Каждая из «подсубстанций», будучи продуктом расслоения средневекового Абсолюта, образует особый дискурсивный канал, через который специализирующееся сознание и выстраивает тот или иной модус, не утратившей пока еще исходного единства картины мира. В начале Нового времени интегрирующие связи между каналами еще прочны, и мы не можем говорить, к примеру, о религиозной, художественной, естественнонаучной политической и др. картинах мира как о чем-то взаимообособленном и почти не сопряженном, как это выглядит сейчас. Но, тем не менее, уже для личности раннего Нового времени несовместимые между собой принципы, нормы и установки не интегрируются в непротиворечивое целое, а разводятся по разным каналам. Личность теряет внутреннюю цельность, но картина мира становится плюралистичной.

Вот почему для ренессансной ментальности было необходимо привести лавину неожиданно нахлынувшего инновативного материала в состояние хотя бы формального иерархического порядка и подчинения целому. Ментальность еще не привыкла обходиться без целого и страшилась выходить в открытое плавание к новым смысловым материкам по навигации медиационных цепей без оглядки на берег субстанции. Но центробежные силы набирали мощь, и спасительный берег субстанции все более терялся в тумане. Развивая метафору можно сказать, что если традиционная для средневековой ментальности субстанция сопоставима с твердой землей необозримого материка, то подсубстанции, с которыми имеет дело сознание раннего Нового времени более подобна большим и малым островам, и по мере движения вглубь океана инновационных смыслов, этих островов становится все больше, но сами они мельчают и все менее годятся как укрытие.

Хотя, к примеру, такая подсубстанция как язык, связывавшая и одухотворяющая изнутри самые, казалось бы, немыслимые и несостыкуемые смысловые блоки обнаружила если не исчерпание, то, по крайней мере, ограниченность своих возможностей лишь сравнительно недавно, став объектом омертвляющей рефлексии в ходе лингвистических переворотов ХХ в. А вот в эпоху Шекспира и Сервантеса, язык, открытый, становящийся, еще не замкнувшийся на себя, не раздробленный на избыточное количество мелких денотаций и сохраняющий потому синкретическую полноту сил и суггестивность, с задачами смыслового синтеза справлялся отменно.

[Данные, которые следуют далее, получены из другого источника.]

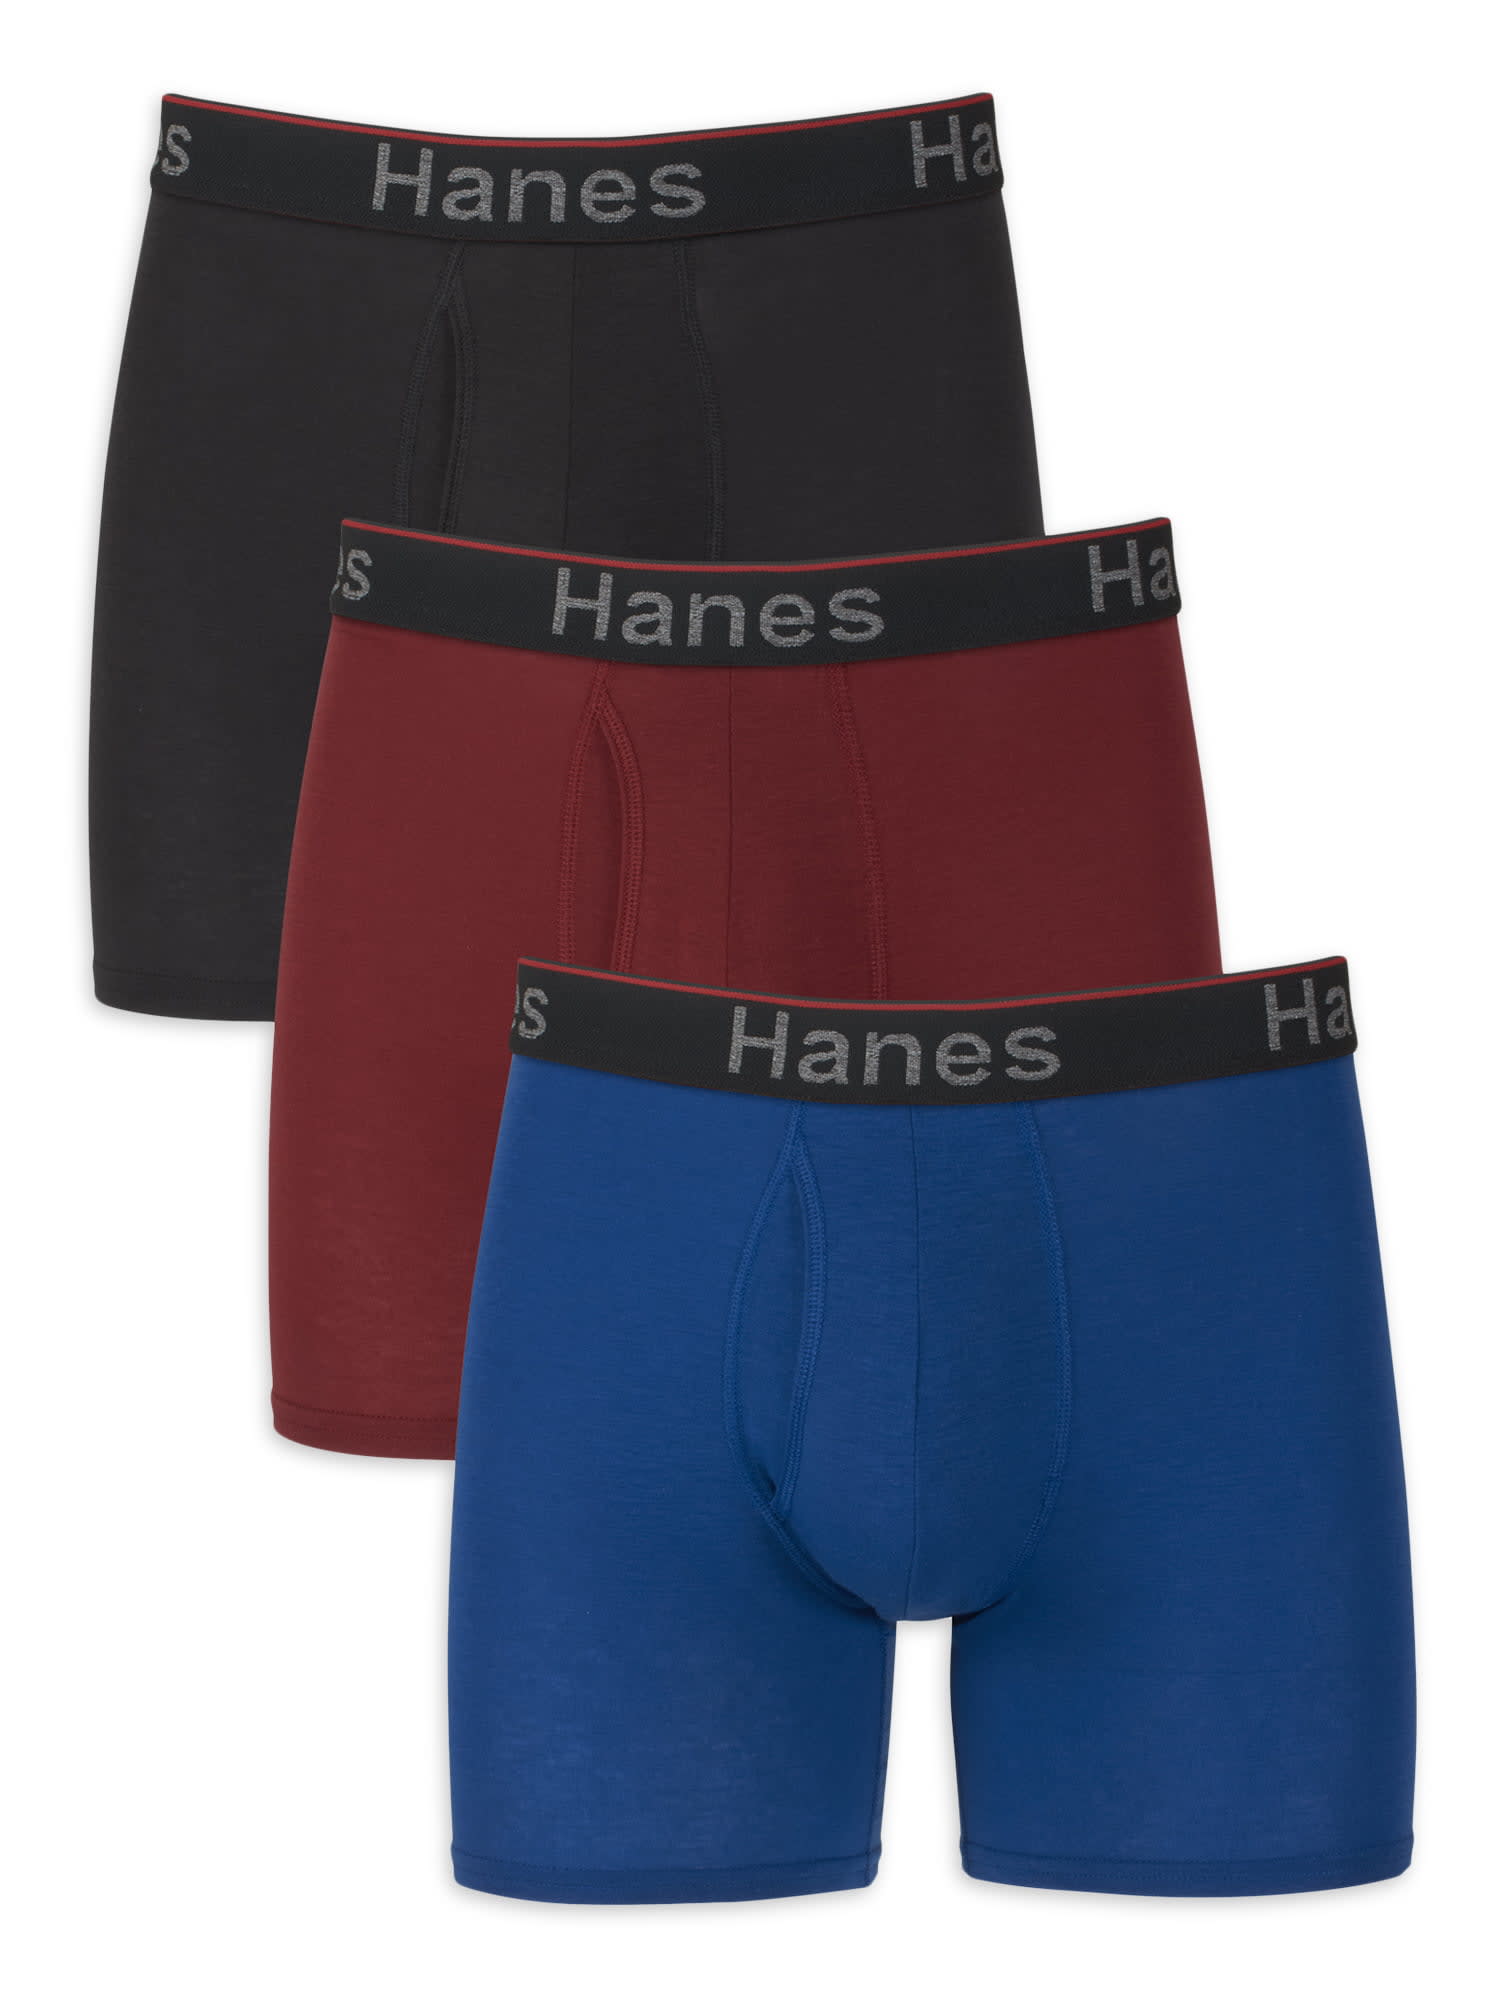 Hanes X-Temp Total Support Pouch Men's Trunks, Anti-Chafing Underwear,  3-Pack

 Что же остается делать личности? Полагаться исключительно на себя, ибо больше не на кого. (По-видимому, об этом догадывались и до Канта). Абсолюта больше нет, и никаких альтернатив развитие логоцентрической парадигмы культуры не предполагает. Что же остается, в таком случае, единственным объединяющим началом для ненасытного ренессансного глаза, а затем для ненасытного барочного разума? Что объединяет ботанические, анатомические, инженерные, математические, характерологические, медицинские и прочие заметки, выкладки, зарисовки и т.д., в кодексе Леонардо? Только то, что все это сделано самим Леонардо. И, по сути, более ничто. Вернее, ничто, что не имело бы отношения к личности Леонардо: его стилю, его почерку, его языку, его образу мыслей.

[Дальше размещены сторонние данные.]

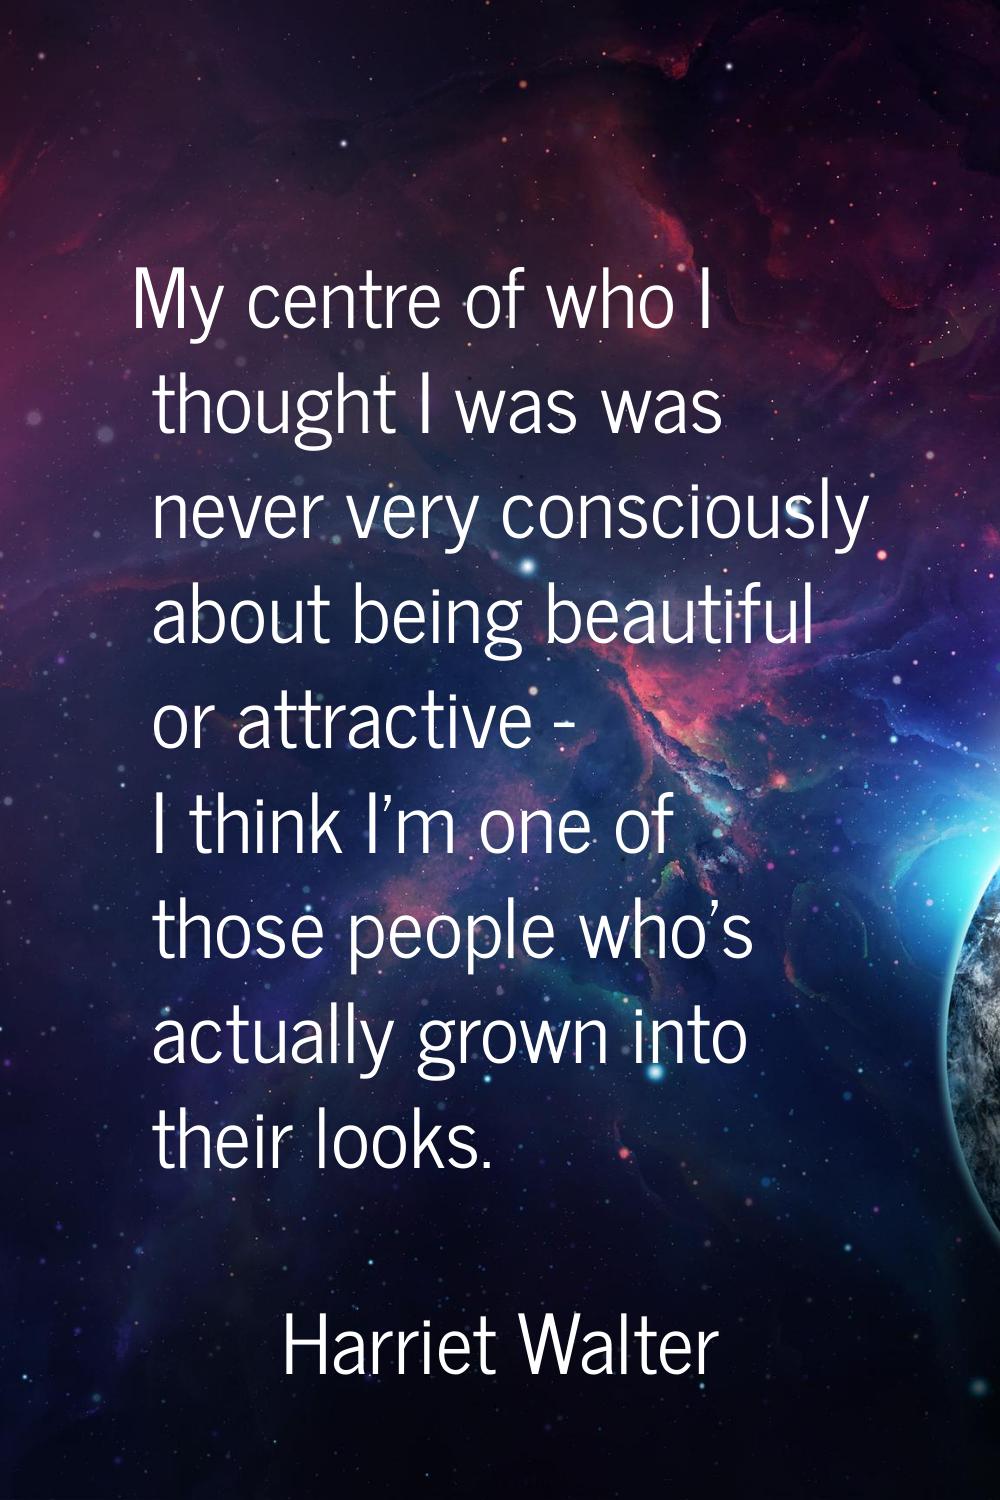 My centre of who I thought I was was never very consciously about being beautiful or attractive - I

Ассимиляция и разрешение противоречий, как и способность к многоканальному мышлению, обуславливается возможностью личности выдерживать несравненно более высокий уровень экзистенциального отчуждения. Чтобы легко и непринужденно мыслить и действовать в разных бытийственных регистрах, разных ценностных и феноменологических измерениях, сочетать разноуровневые и несогласуемые между собой (в рамках существующих правил) психологические и поведенческие сценарии, необходимо обладать высоким порогом экзистенциальной антиципации. И в этом – органическая черта ментальности личности. Способность адаптироваться к отчуждению как длительному фоновому состоянию, к устойчивой локализации переживающего Я в срединной медиативной позиции и породило очередной шаг отпадения человеческой экзистенции на этот раз от духовной субстанции Логоса, подняв ее, таким образом, на следующую ступень субъектной эмансипации. Как всегда фронт развития продвигают «отщепенцы». Цивилизация личности произошла в силу того, что западные европейцы, точнее их наиболее социально активная часть, перестали быть правильными средневековыми логоцентриками.

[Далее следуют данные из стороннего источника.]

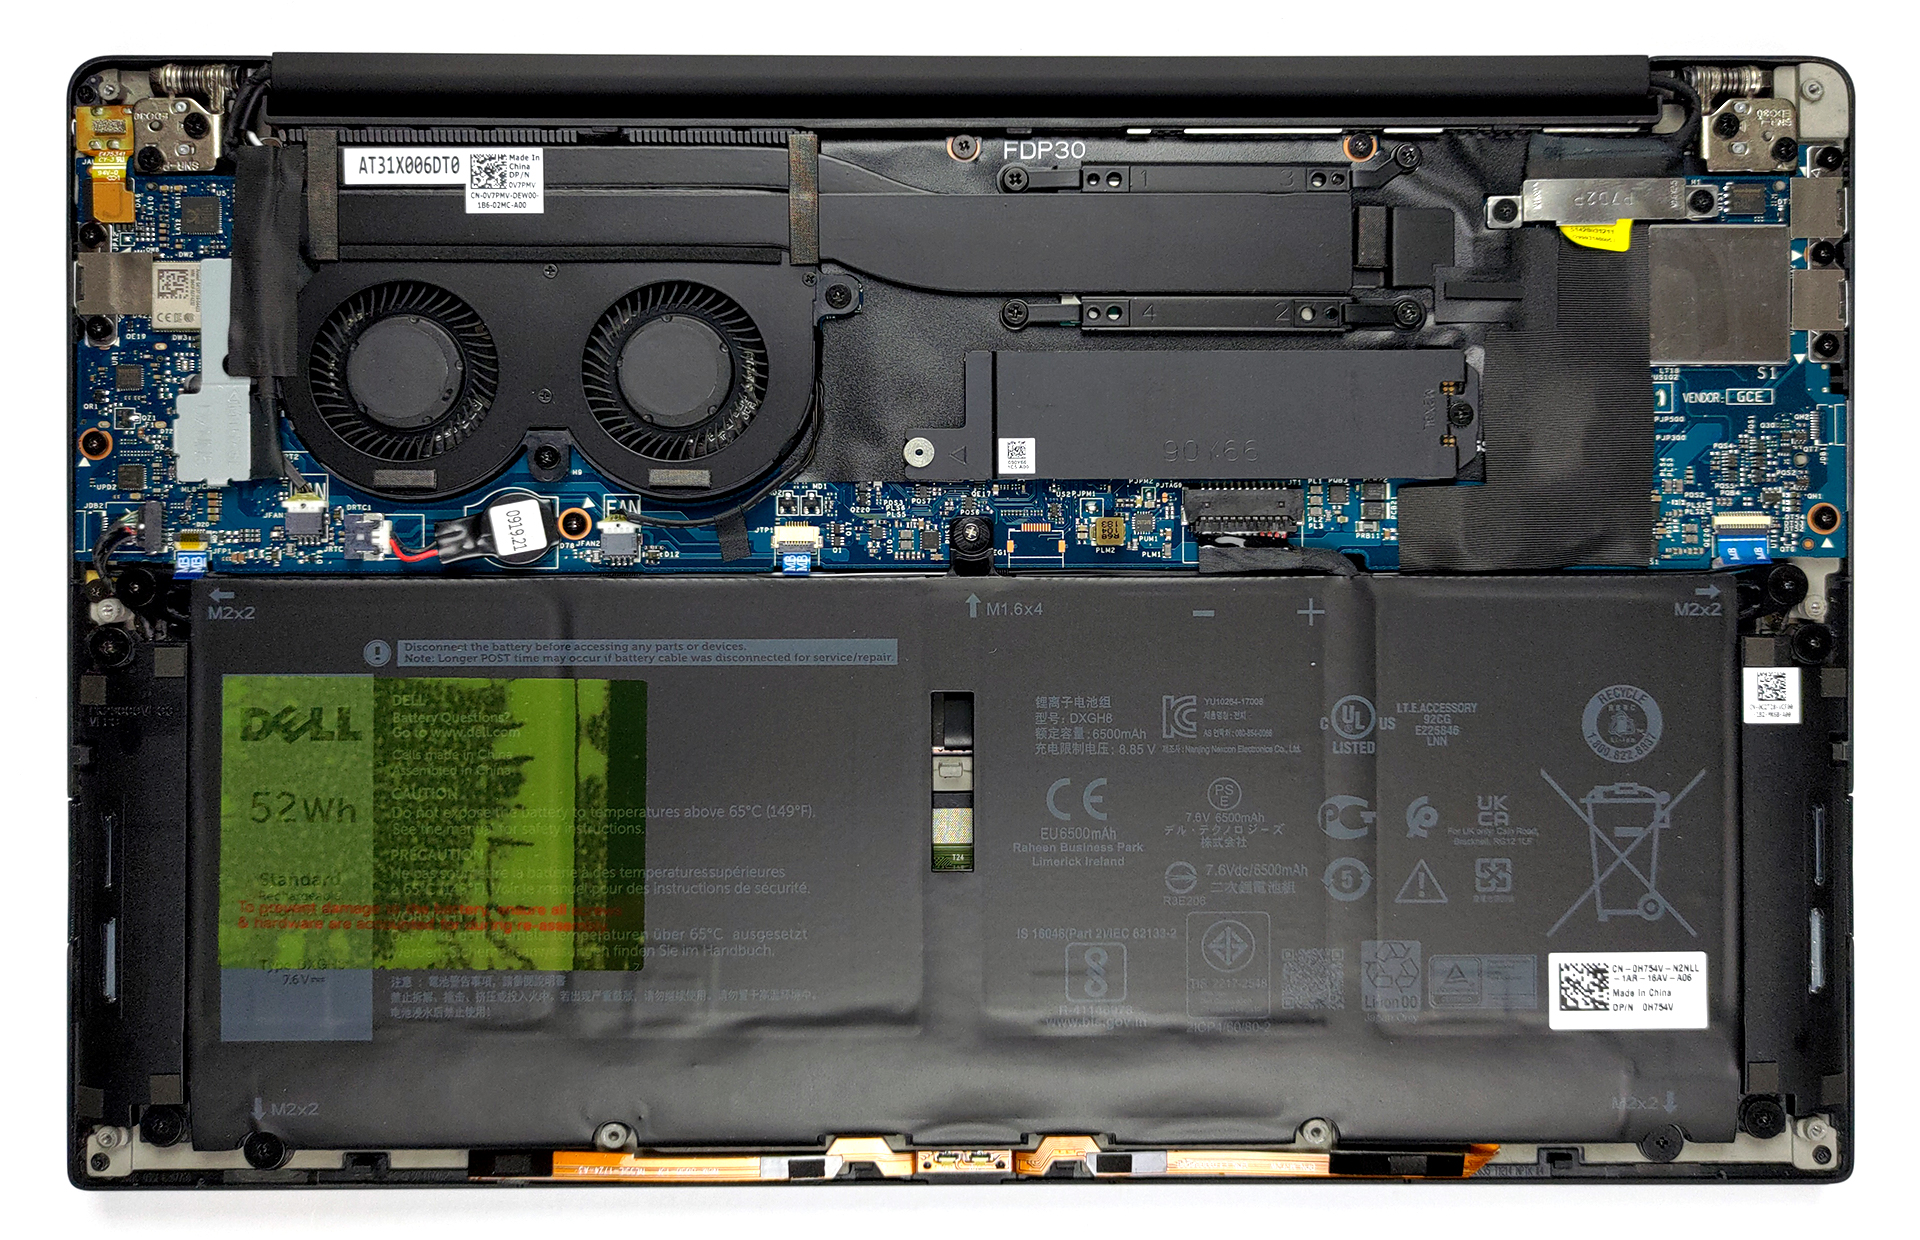 Inside Dell 13 disassembly and upgrade options | LaptopMedia.com

Понятия свободы и выбора, каковыми существенно определяется ментально-культурный статус субъекта, для личности особо значимы, ибо только в личностном мире они адекватно отрефлектированы и достигают содержательной полноты. Субъектом же выбора выступает уже не столько социальный коллектив, как было во всех традиционных обществах, но уже и единичный субъект. На уровне прецедентов такое было всегда, но только утверждение медиационной модели смыслообразования в качестве доминирующей сделало возможным принципиальное изменение ситуации: теперь единичный субъект стал субъектом выбора в массовом порядке. Теперь вместилищем эксплицируемых противоречий стала не абстрактная, а конкретная человеческая душа, или индивидуальная ментальная сфера. Это обстоятельство позволило перенести «центр тяжести» с всеобщего на единичное и особенное. Особенные люди – личности, –­ которые ранее могли осуществлять свои творческие программы, лишь упаковывая их в средневековые обертки всеобщего (универсально Должного) теперь оказались, наконец, выведены на уровень самоадекватности[5].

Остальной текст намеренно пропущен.